Les rencontres en ligne bousculent aussi l’économie
La drague sur internet chamboule les rencontres amoureuses. Elle modifie aussi la nature des dépenses des célibataires et la manière dont les ménages se forment, avec des conséquences économiques mésestimées, assure Daniel McMurtrie, un investisseur qui s’est penché sur le secteur.
“Si on pense à tout l’argent déboursé pour trouver un ou une partenaire, le ou la courtiser, se marier, avoir des enfants, tout est modifié” par les rencontres en ligne, affirme-t-il dans un entretien à l’AFP.
Agé de 28 ans, ce gérant de la société d’investissement Tyro Capital Management, à New York, a observé leur montée en puissance.
Au total, 30% des Américains adultes ont déjà utilisé une application ou un site de rencontres, un chiffre se hissant à près de 50% chez les moins de 30 ans, d’après une étude de l’institut Pew Research Center publiée jeudi.
La généralisation des smartphones et la facilité d’utilisation des applications ont changé la donne, explique Daniel McMurtrie, qui a lui-même co-écrit un court rapport sur le sujet en novembre.
Il suffit de télécharger quelques clichés et de fournir quelques informations pour commencer à faire défiler les photos sur son écran. Un simple mouvement de doigt permet de signaler son intérêt et, s’il est réciproque, d’engager une conversation.
Les “coûts” d’une rencontre, en argent, en temps, en rejets potentiels, ont diminué.
“Historiquement, les gens se rencontraient via leurs cercles sociaux, leurs amis, leur famille, l’église, leurs activités, ce qui représentait peut-être 100 personnes, 200 au maximum”, souligne le New-Yorkais.
Et cela pouvait conduire à une situation gênante si la relation avec l’ami d’un ami ne marchait pas, dit-il. “Maintenant qu’on peut rencontrer quelqu’un instantanément avec les applications, pourquoi prendre ce risque?”
– Cosmétiques pour hommes –
Les jeunes générations, ne disposant pas d’autant d’argent que la génération des baby-boomers au même âge, tendent par ailleurs à effectuer leur premier achat immobilier plus tard.
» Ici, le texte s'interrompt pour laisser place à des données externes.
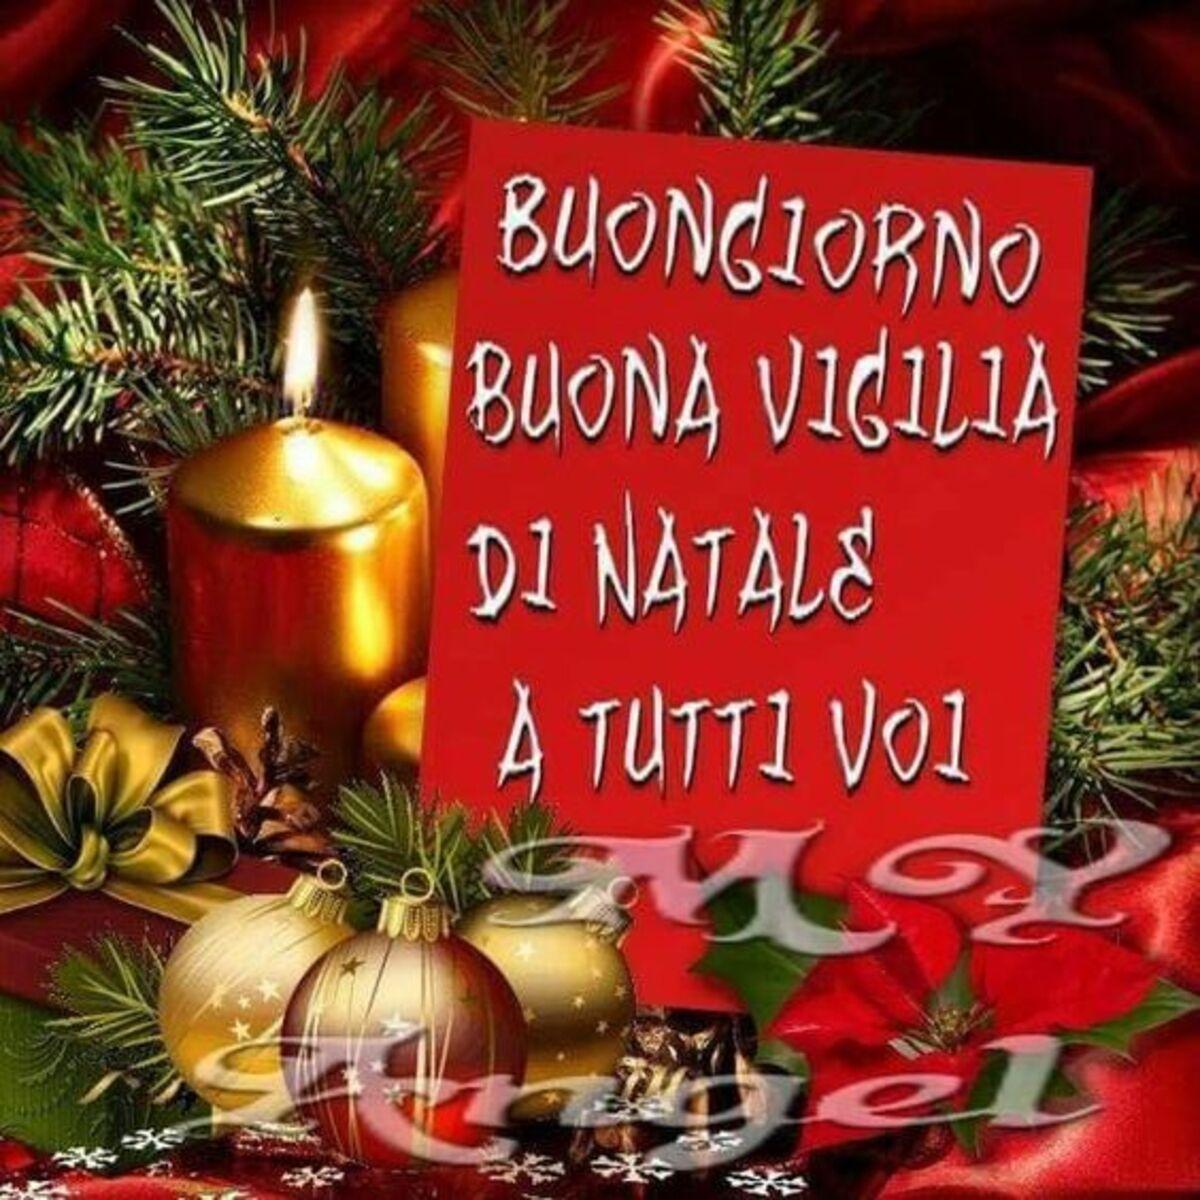 Buongiorno Buona Vigilia di Natale a tutti voi

Ils ont le temps de cohabiter avec plusieurs partenaires pour affiner leurs préférences avant d’accepter ou non une relation durable, et éventuellement se lancer dans la copropriété.
Résultat, aux Etats-Unis, les couples se marient plus tard et divorcent moins. Selon l’investisseur, la popularité grandissante des rencontres en ligne est un facteur aussi important que les raisons habituellement avancées, comme l’allongement de la durée des études ou l’incertitude économique.
Cette évolution a en tout cas un impact sur l’économie, “car elle modifie les dépenses des consommateurs, elle modifie la façon dont les ménages se forment”.
L’un des exemples les plus frappants à ses yeux est le succès grandissant des cosmétiques pour hommes, des crèmes hydratantes aux soins pour la barbe, pour paraître plus beau sur la photo. Les ventes de parfum, elles, n’ont pas augmenté, “car on ne peut pas sentir un selfie”.
Les principaux acteurs du marché, comme Tinder, Bumble ou Hinge, gagnent entre autres de l’argent en proposant des abonnements offrant plus de services ou de visibilité.
Mais les plus grosses opportunités résident, selon lui, dans des partenariats avec des restaurants, des lieux de spectacle, des vendeurs de vêtements ou de cosmétiques.
“A New York, pour un rendez-vous galant, les gens dépensent 100 dollars, parfois 200 dollars. Actuellement Tinder récupère 59 cents par utilisateur payant par jour. Peut-être pourrait-il récupérer un pourcentage de ces 100 dollars en aidant à faciliter la transaction”.
– Sujet tabou –
Il existe peu de recherches financières sur le sujet, “car les rencontres en ligne restent un sujet lié à la sexualité et, dans un contexte professionnel, certaines personnes restent mal à l’aise ou ne le prennent pas sérieusement”, remarque Daniel McMurtrie. “Il est délicat de parler en détail dans la salle d’un conseil d’administration de sujets comme le taux de réussite des premiers rendez-vous”.
Pour l’investisseur, l’impact le plus sous-estimé des rencontres en ligne est le pouvoir que les femmes peuvent en retirer, en particulier dans les pays les plus conservateurs, où les aspirants peuvent traditionnellement se limiter à un cercle très restreint d’amis de la famille.
Avec les applications, ces femmes “passent de 10 à 15 potentiels partenaires à des millions d’options” et “elles réalisent qu’elles peuvent dire non sans avoir à risquer leur intégrité physique ou leur réputation”, souligne Daniel McMurtrie.
“Ce n’est pas seulement une grande avancée sociale, c’est aussi bon pour l’économie car la moitié de la population se retrouve avec la possibilité de décider par elle-même, d’avoir à part égale son mot à dire”.